Now, I am enrolled in the PhD by research in Health Sciences in UP Manila, and I finished defending my proposal last June. I was supposed to defend my proposal in 2020 and then nagka-pandemic, so nagulo lahat, so hindi ko siya naasikaso. ‘Di ba the academic rules were, you have until May 2021 to go through your “utang” academics. So I was actually telling Dr. Erlyn Sana – siya kasi yung PhD adviser ko – na, “Ma’am, ‘di ko na kaya ata. Ayoko na.” And then she was saying, “Hindi pwede! I know it’s the pandemic, but you try, still!”

I was able to defend my proposal. My topic is actually [about] the use of Facebook for diabetes self-management education. Kasi I do that already; I post about diabetes information so those with diabetes who are following me on my page can learn from them – but, it’s not structured. So, I was thinking: what if I were to have a Facebook group and the posts are structured, like an online course – except that it’s on Facebook, kasi that’s where most of our patients are already comfortable being on? Yun yung premise ng aking study. It’s gonna be a mixed-methods study, so may qualitative part na sobrang hirap kasi hindi ako marunong noon. Pero, ito na naman ako na kung ano ang di ko alam, aralin natin para magawa natin – and that has brought me to so many things.

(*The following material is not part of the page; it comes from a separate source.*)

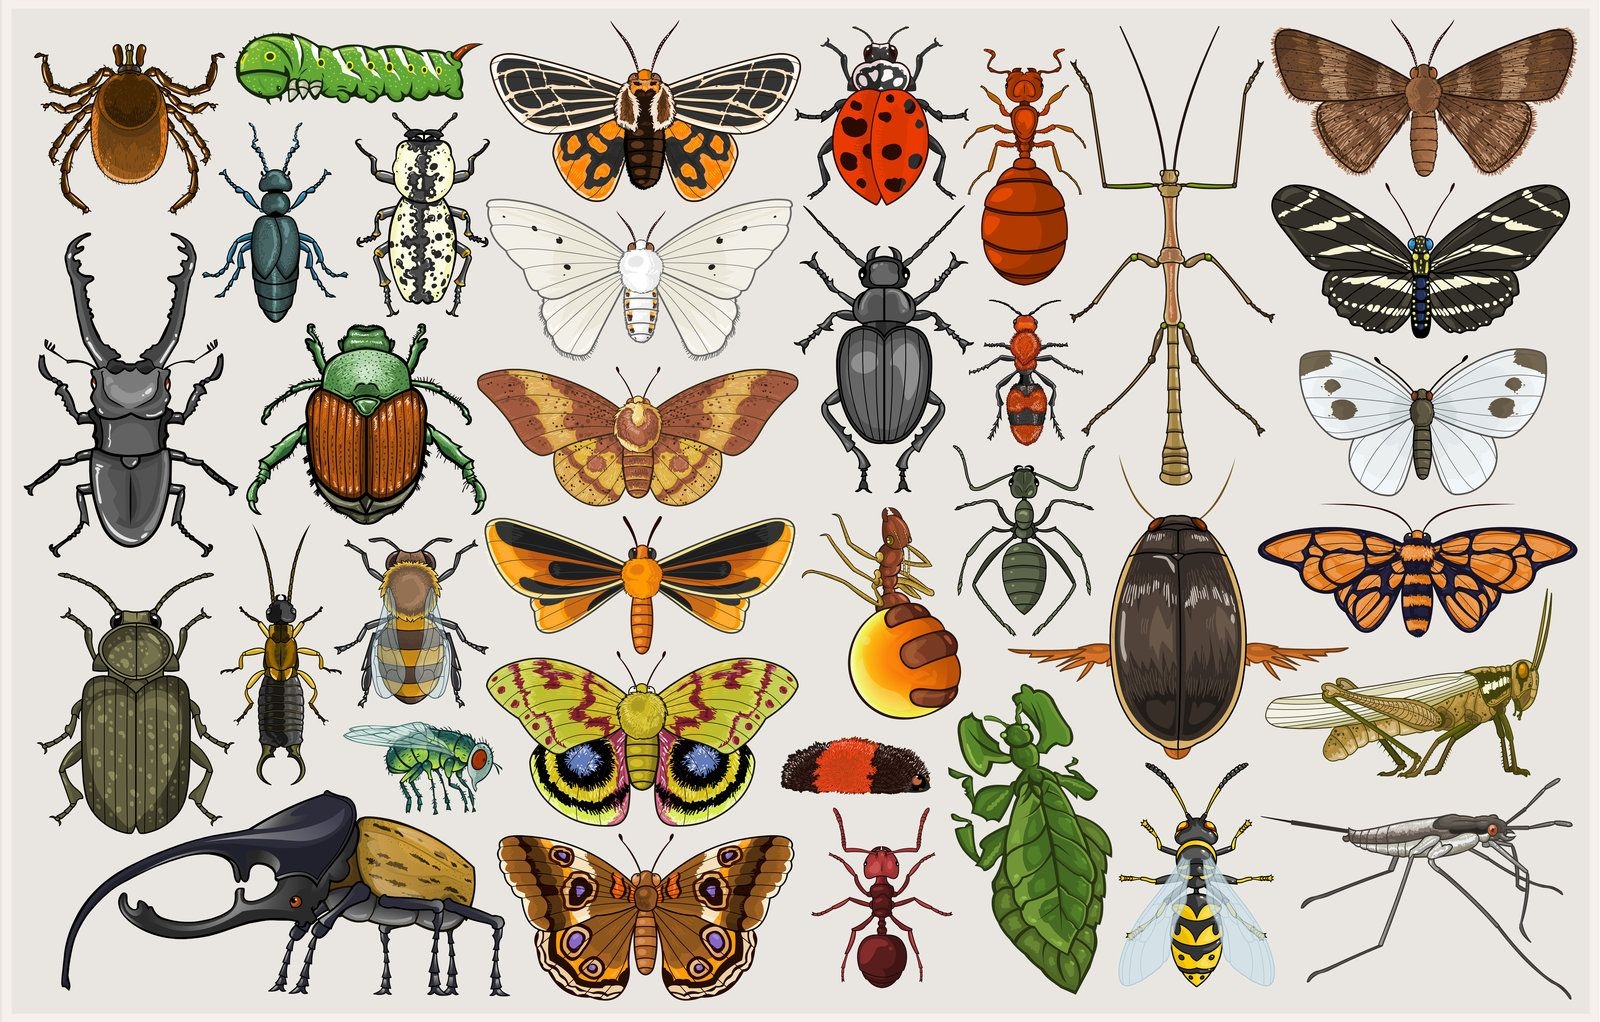 энтомология в картинках тому техника

After this, what’s next for you? What projects or goals do you hope to achieve in the coming years?

When you win, you start thinking: “Okay, where do I go from here?” Obviously, you need to continue the work. So, I’m planning more workshops or possibly online courses for educators. The other week, I was at the [National Teacher Training Center] workshop, and I taught several teachers how to create an eBook. And this is where the “see one, do one” thing came in, ‘cause I haven’t ever created an ebook. I have [created a] PDF with links, but then Dean Melflor Atienza said, “For me, an eBook is where you can play the video inside of a sort of book. Do you know how to do that?”

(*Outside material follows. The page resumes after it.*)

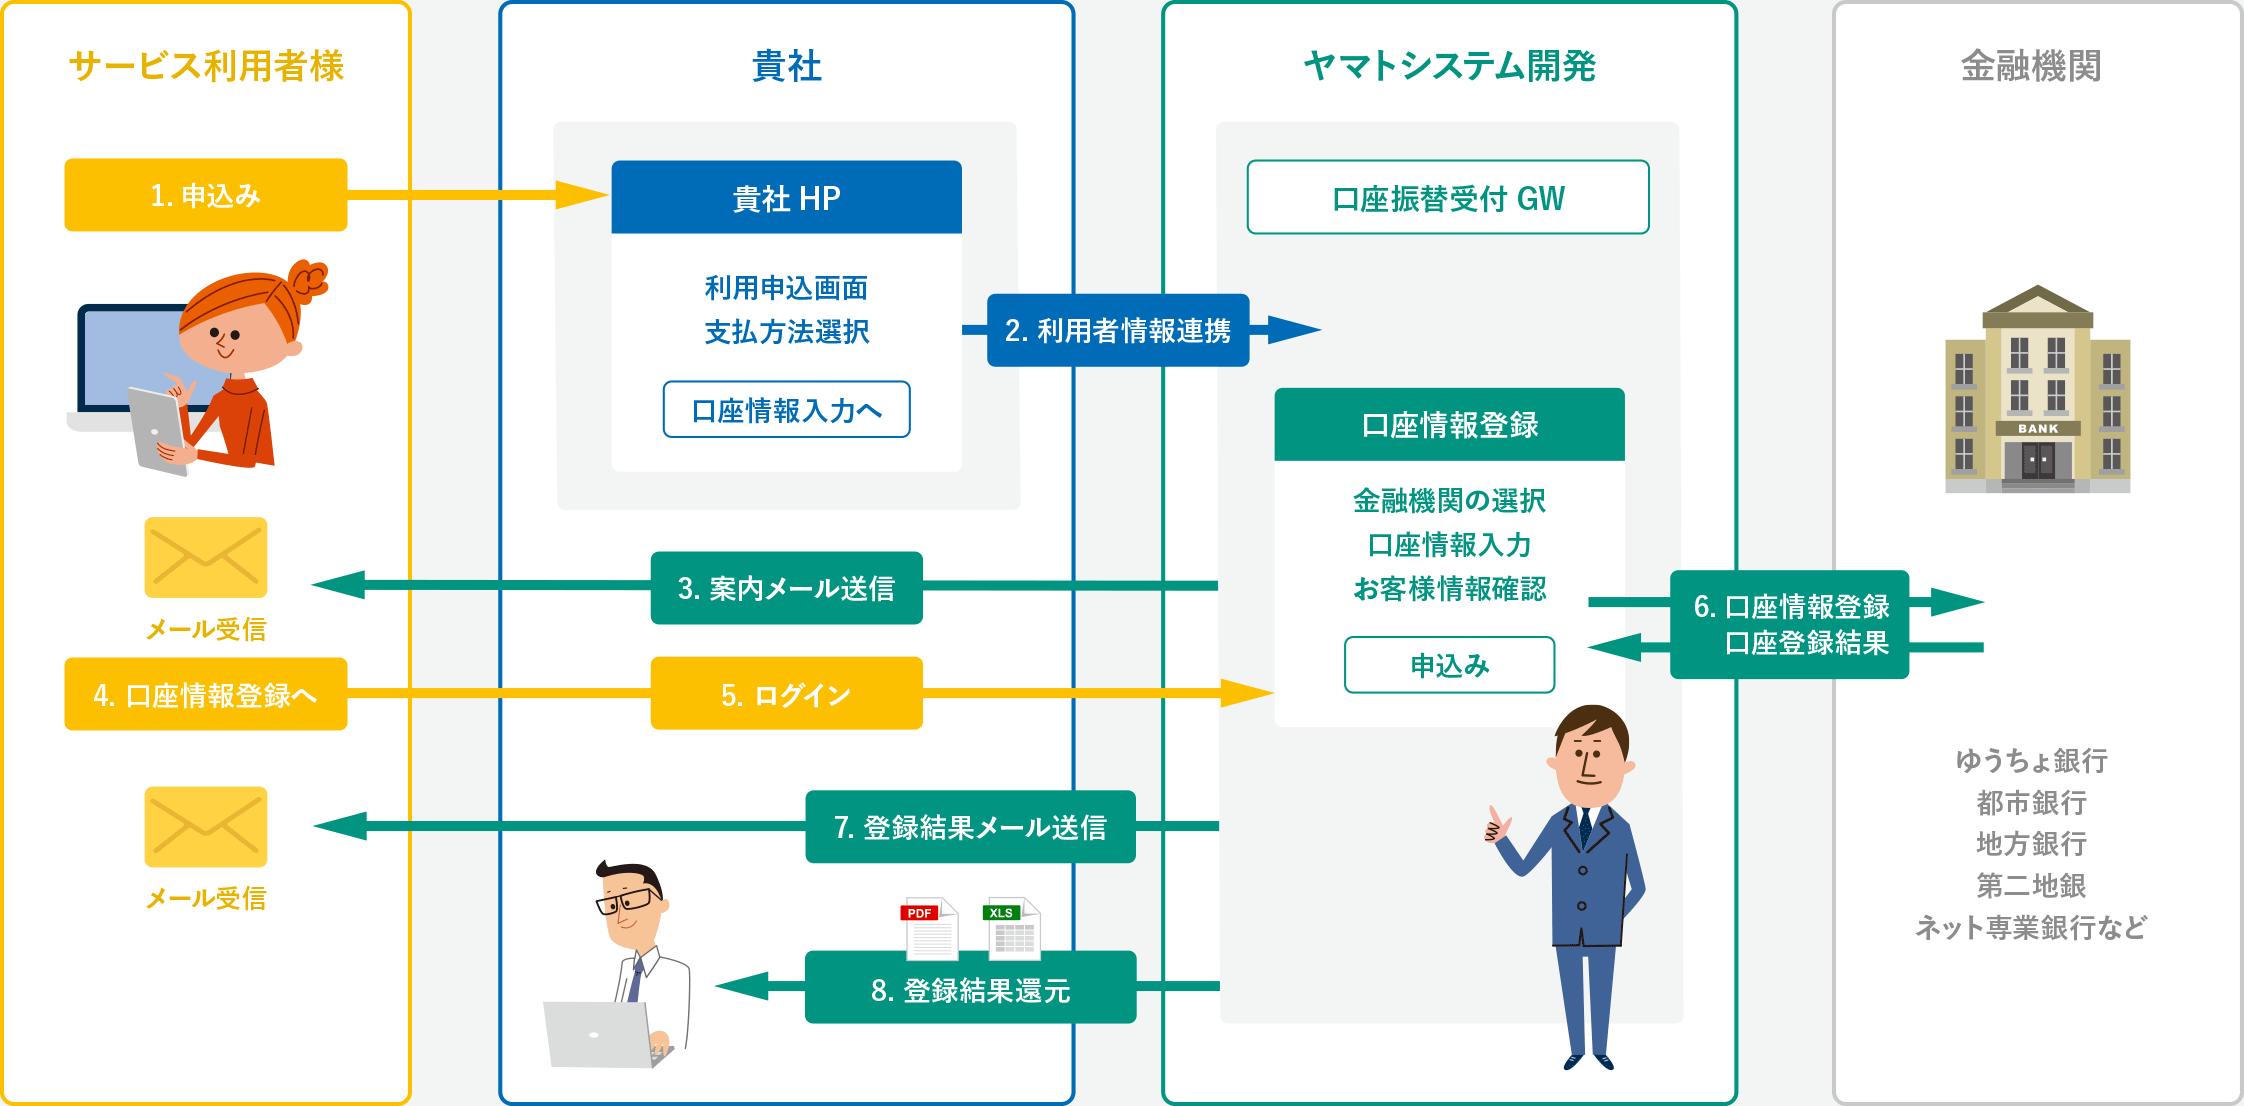 Web口座振替受付サービスの概要図

I said, “No, I don’t know how to do that.”

She said, “Well, can you find out and then teach us how to do it?”

So, I found an app that was actually free; it’s called the Book Creator. Then, I made a book out of one of my course packs. When I went to the workshop at the NTTC, I just showed them how I did it. Now, people are making their own eBooks. Sabi ko, “That’s so much fun,” so I think I’ll have more projects coming off from queries like that. They’ll email me, “Iris, how do you do this?” And if it’s something that I’ve done before, then easy; but if it’s not, I go off and find the answer. It bothers me when I cannot answer. So, I go off and find the answer and when I find [it], I share it online or in these workshops.

It bothers me when I cannot answer. So, I go off and find the answer and when I find [it], I share it online or in these workshops. | Photo retrieved from www.endocrine-witch.net

What has been the most challenging part of your journey so far? How did you overcome these challenges? Conversely, what has been the most fulfilling part?

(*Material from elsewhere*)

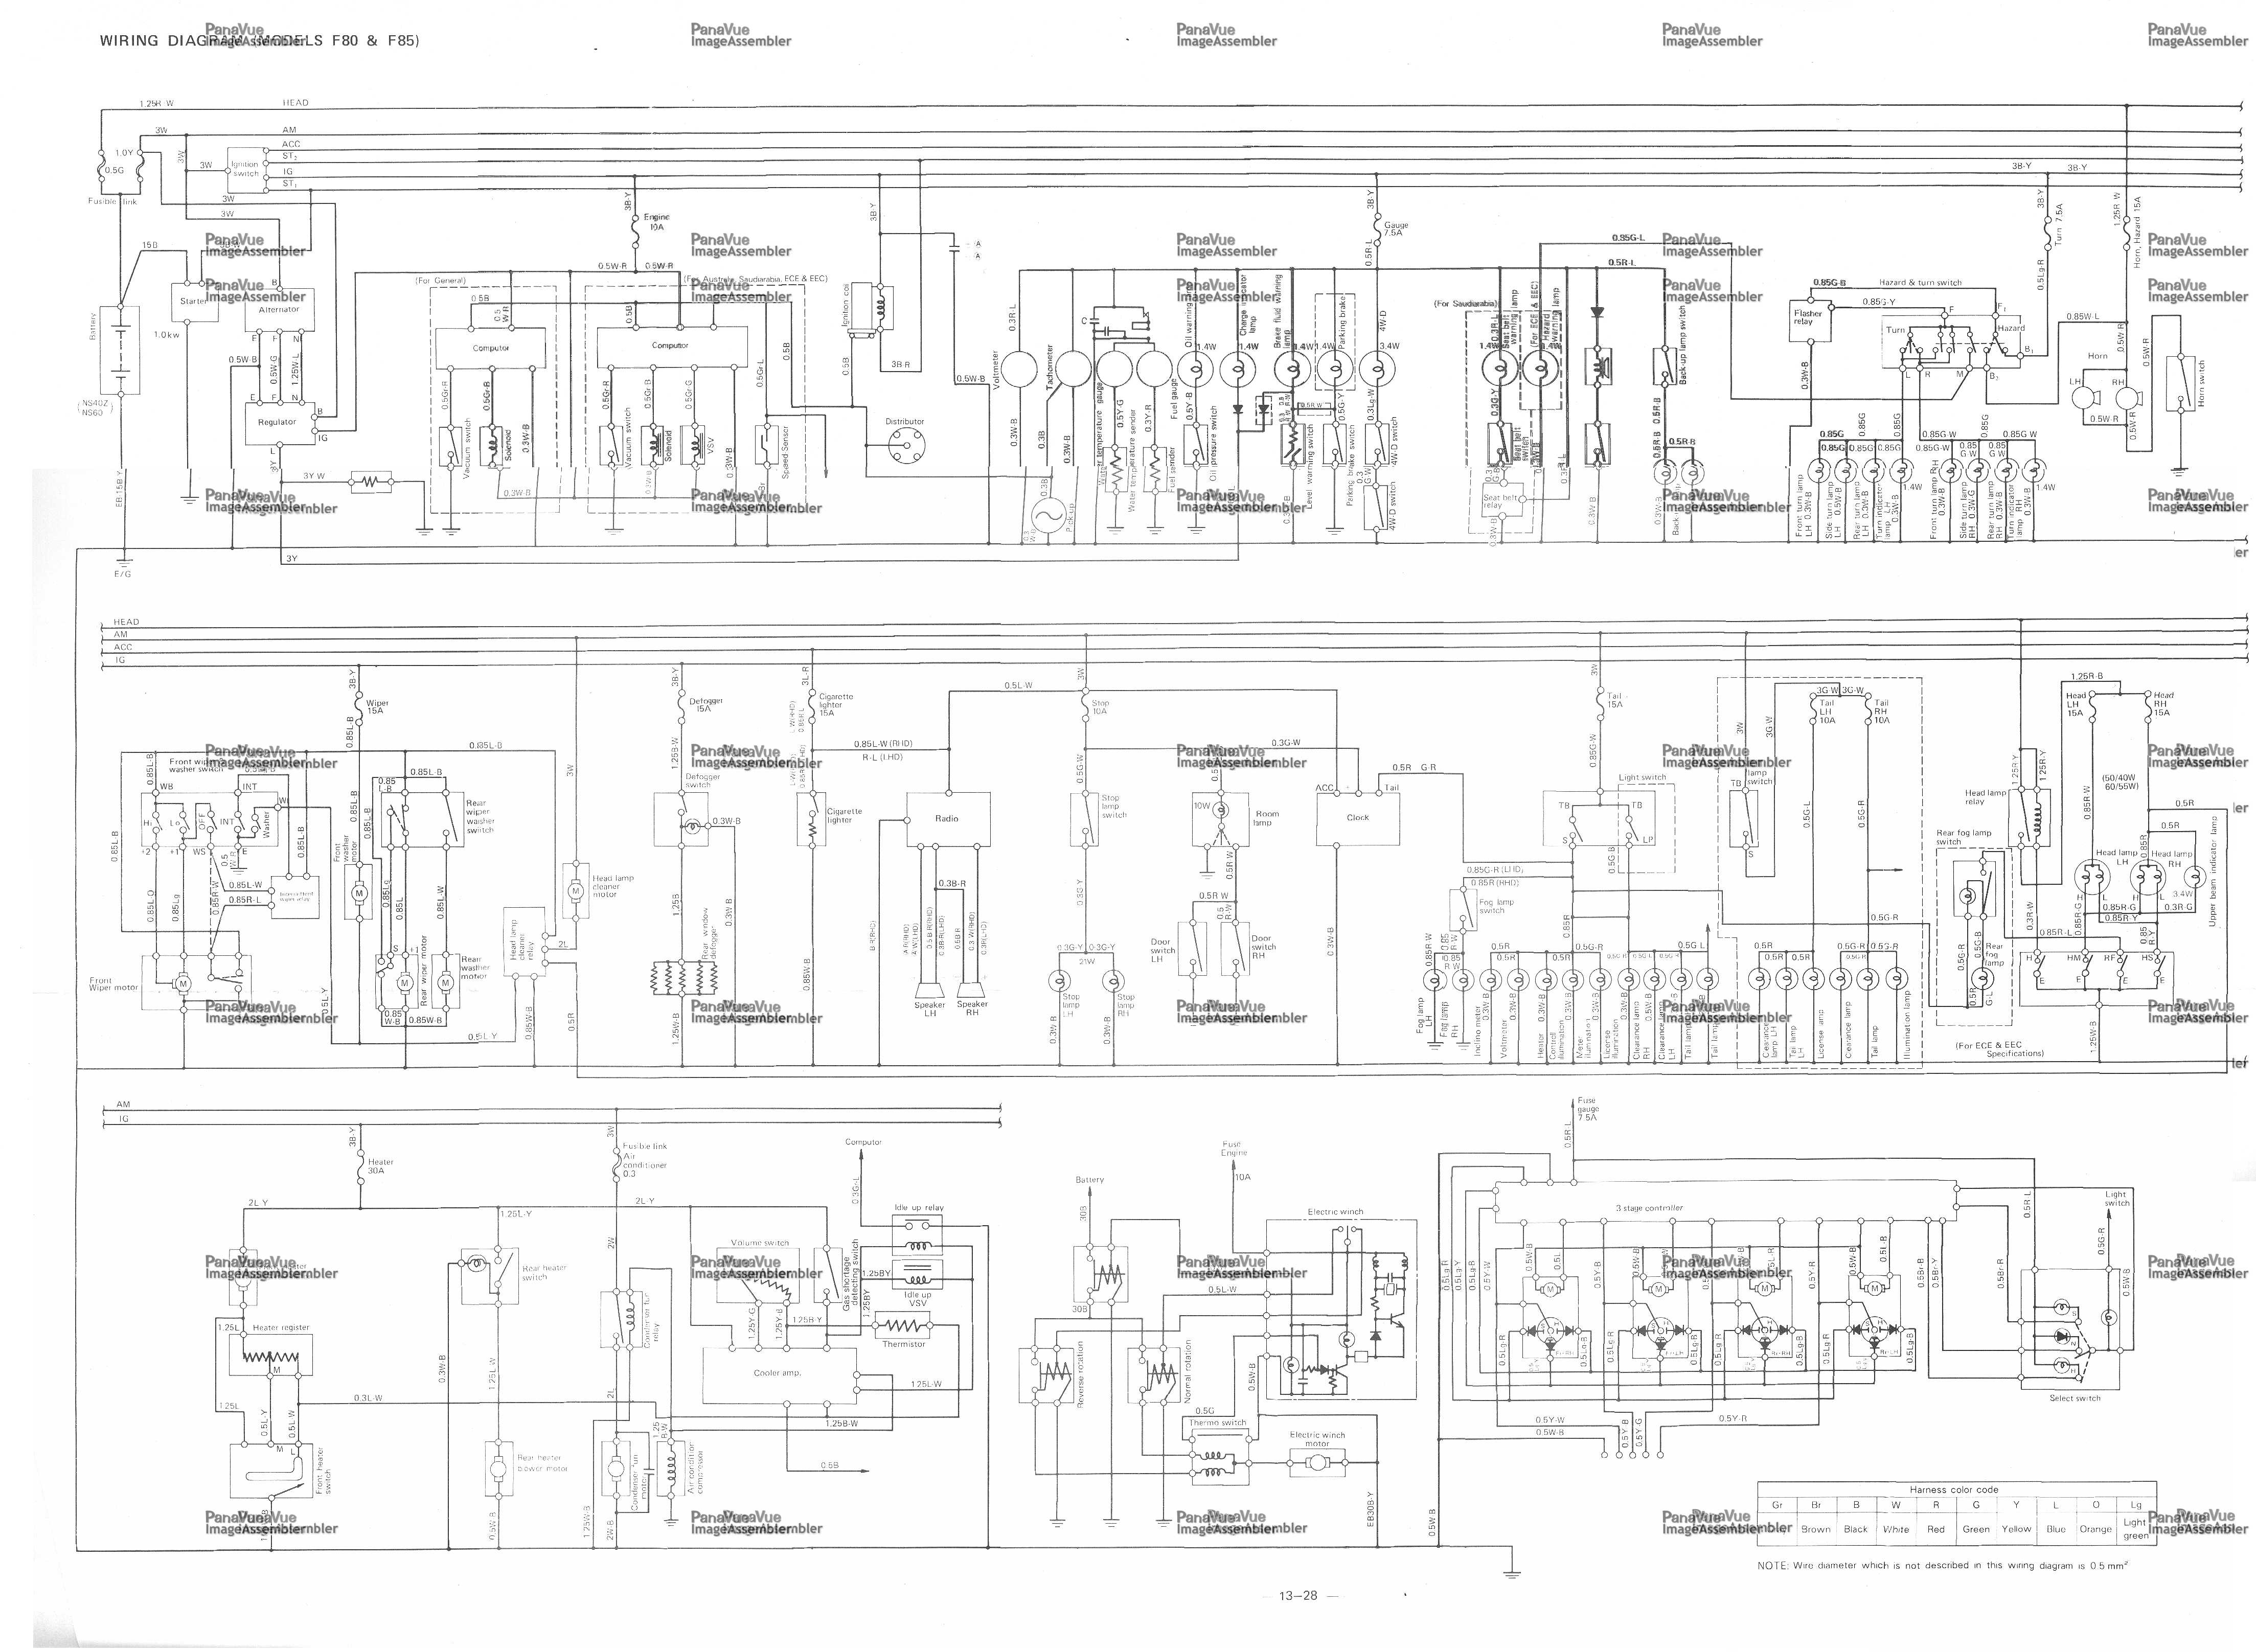 1998 Suzuki Swift Fuse Box Electrical Wiring Diagrams 98 Esteem Diagram 200

The most challenging part is when you’re starting to do something for the first time and thinking about how it will be received. If it’s about education, you wonder how your students will react. So, for this semester, for example, I had to teach the medical informatics elective in 6 days. What used to be one semester of 16 weeks, I had to do it [in] 6 days. And then I had the MD-PhD naman na students, I had to teach them the informatics elective for 6 weeks instead of the usual 16. There’s always something coming up that I need to adapt [to] and I always worry, “Is it helping the students? Is it working? How do I do these things?”

The most fulfilling thing would be when at the end of the rotation, [the students] tell you that they enjoyed [it]. Sometimes, it takes years, eh. I have some grad students who took my course, for example, and then 3 or 4 years later, they would suddenly email me and say, “You know, you remember you taught us about this? And then at work, this happened, and I remembered what you told me, and then…” I think yun yung satisfactory thing about being a teacher. Something that you imparted [on] students helped them in some way, even if it’s not right away. And then they tell you about it – yun talaga. Yun yung fulfilling sa pagtuturo. I call that the “ripple effect.”